I’ve been giving President Drew G. Faust the benefit of the doubt through the many Harvard scandals over the past year, but her handling of the Resident Dean email search debacle is where I draw the line.
Faust’s response has been three-pronged: simultaneously deny responsibility for the searches, assure others of their proper execution, and refuse to address the searches’ ethical implications.
It’s a bold strategy, Cotton. Let’s see if it pays off for her.
First: deny responsibility.
Faust, doing her best Godfather impression, says, “Back in September, I was made aware that there was concern about a potential breach in the confidentiality of the [Ad Board] process, and was told it had been resolved. But I was not informed of specifics.”
Isn’t it troubling that her subordinates did not consult her before they performed a (supposedly) unprecedented and certain-to-be controversial search at a time when the university was already under the national microscope? Is Faust so disconnected from the day-to-day events at Harvard that Dean Evelynn M. Hammonds and Dean Michael D. Smith saw nothing unusual about that? Why in the world would Faust not ask for specifics about a complication regarding Harvard’s largest scandal in recent history?
Call me crazy, but I think a university president, even a Harvard president, should be more connected to the community she leads.
Second: assure others of their proper execution.
In the same statement in which she denied knowing about the searches, Faust said, “I feel very comfortable that great care was taken to safeguard the privacy of all concerned, especially our students.”
I’m glad Faust is okay with that, but her feelings after the fact are irrelevant. She needed to feel comfortable with the searches before they happened.
Mostly, though, Faust has left Hammonds and Smith to defend their searches on their own.
Ironically, the searches themselves were justified. A confidential memo and Ad Board conversation somehow found their way to the media. The administration repeatedly asked the guilty Resident Dean to step forward, and threatened an “investigation” if no one did. No one did.
Here is where Hammonds and Smith messed up. First, they didn’t specifically threaten to search inboxes, so their current defense that they warned Resident Deans about an investigation rings hollow to the faculty. As Professor Harry R. Lewis said, if the searches were ethical, why did Smith and Hammonds need to hide their possibility?
Second, the Resident Deans’ status as either faculty or staff is unclear and subject to various interpretations. Though they are not technically faculty, they do share some of the faculty privileges and are listed as FAS members in the Harvard directory. However, the faculty email policy requires notification of a search of email accounts (though the administration refuses to confirm that the faculty policy applies to Resident Dean email accounts). Yet Hammonds and Smith only notified the Resident Dean who was discovered to have inadvertently forwarded the memo. They only notified other resident deans after the Boston Globe approached them about the search, months later. Smith and Hammonds claim to have immediately informed Senior Resident Dean Sharon Howell, but she and an anonymous Harvard official contradict that.

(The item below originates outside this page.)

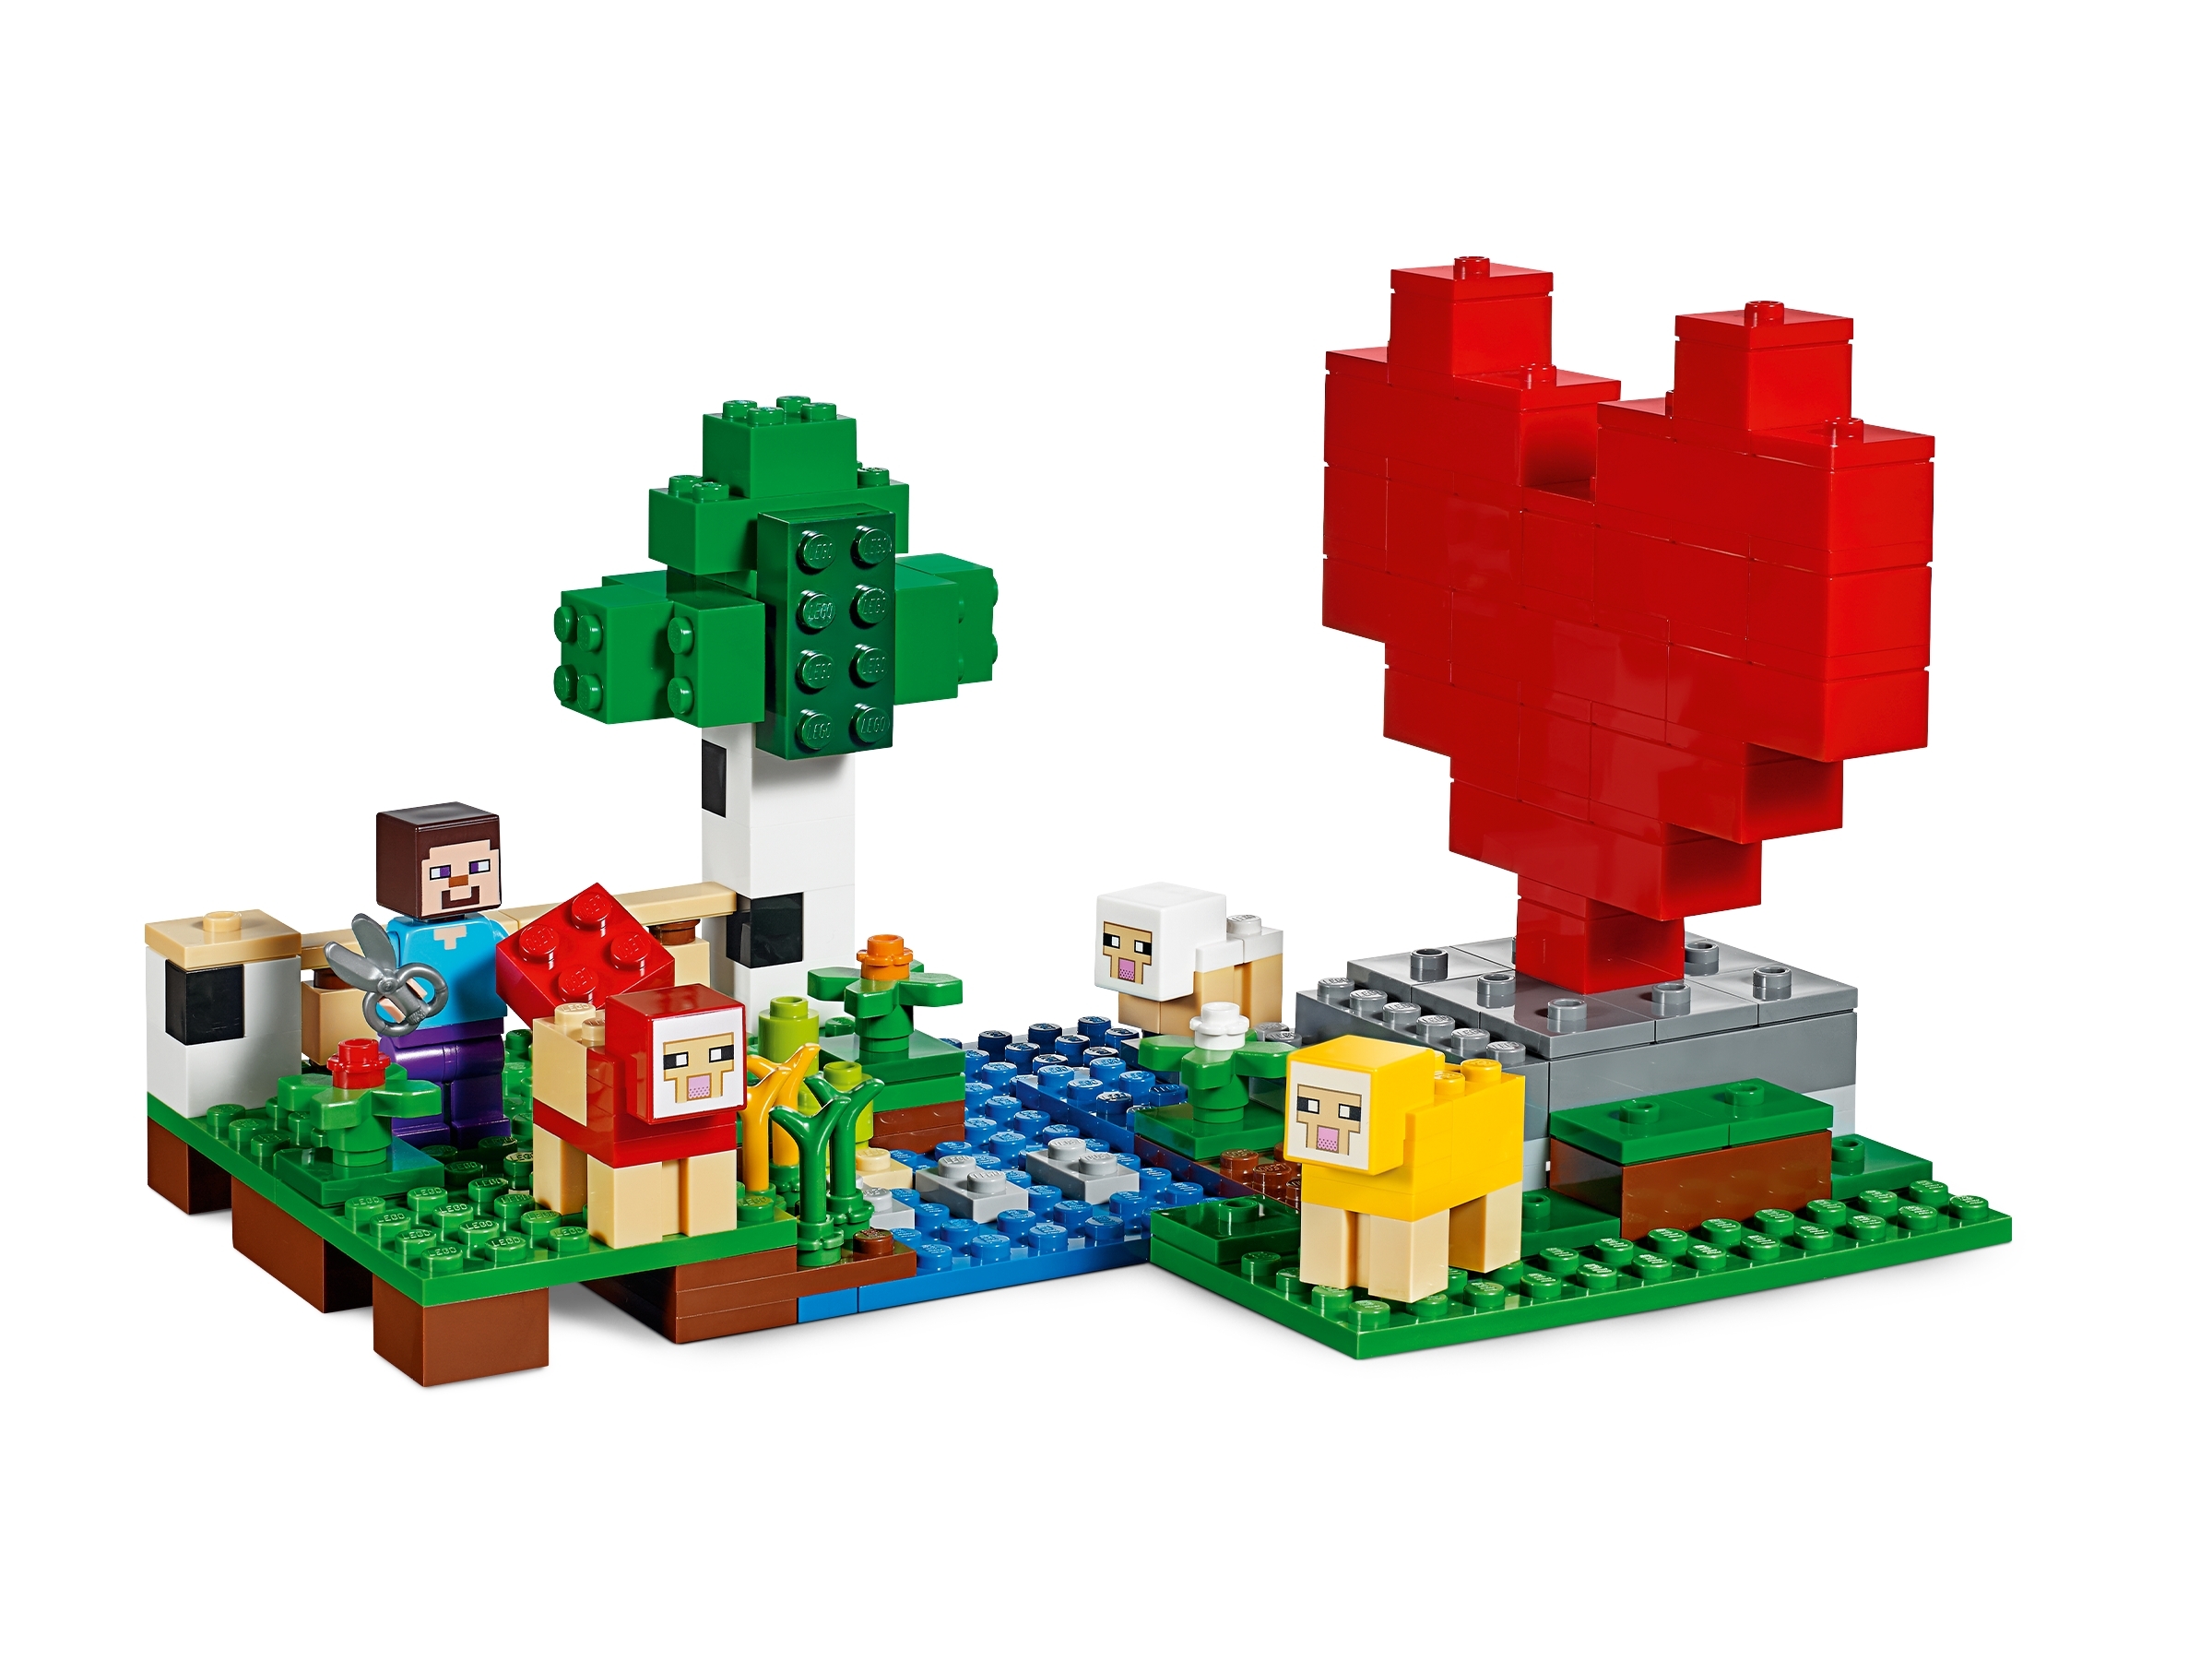 Roblox, Lego, Lego, Lego & Minecraft Witch. : r/toys

What explains this failure to notify, which seriously damaged the faculty’s trust in the administration? Smith and Hammonds say the lack of notification “protected the privacy of the Resident Dean who had made an inadvertent error and allowed the student cases being handled by this Resident Dean to move forward expeditiously.”
Smith and Hammonds seem to imply that outing the Resident Dean at fault would have resulted in his or her removal and the delay of his or her students’ Ad Board cases. Lewis finds it unlikely that other Resident Deans would have demanded the head of a colleague who had made an honest mistake. Besides, Lewis says, it’s only right to tell people that you are violating the privacy of their inbox, and to explain why. Hard to argue with that, especially since Howell told Hammonds in September that email searches would be “sort of drastic and problematic.”
Third: refuse to address the searches’ ethical implications.
Howell sent a letter asking Faust to explain her thoughts on the searches, Faust came closest to addressing the issue in her comment the same day: “Questions about whether more resident deans should have been informed sooner are fair to ask.”
So Faust’s personal opinion on the searches is…what? An answer would have been better than bureaucratic evasiveness.
In sum, the administration screwed this one up big time. It compromised the trust of both faculty and students. Faculty may now begin to eschew FAS accounts and students were swapping rumors that the Office of Student Life might have been monitoring list-serves for River Run festivities, which they have denied. Some worry that Resident Deans are no longer trusted confidants.
Faust appears bent on never saying anything unscripted or conceivably offensive (the ghost of Larry Summers haunts her, perhaps). But being a leader sometimes means having the guts to take charge. When will Faust?
Wyatt N. Troia ’14, a Crimson editorial writer, is an economics concentrator in Winthrop House. His column appears on alternate Fridays.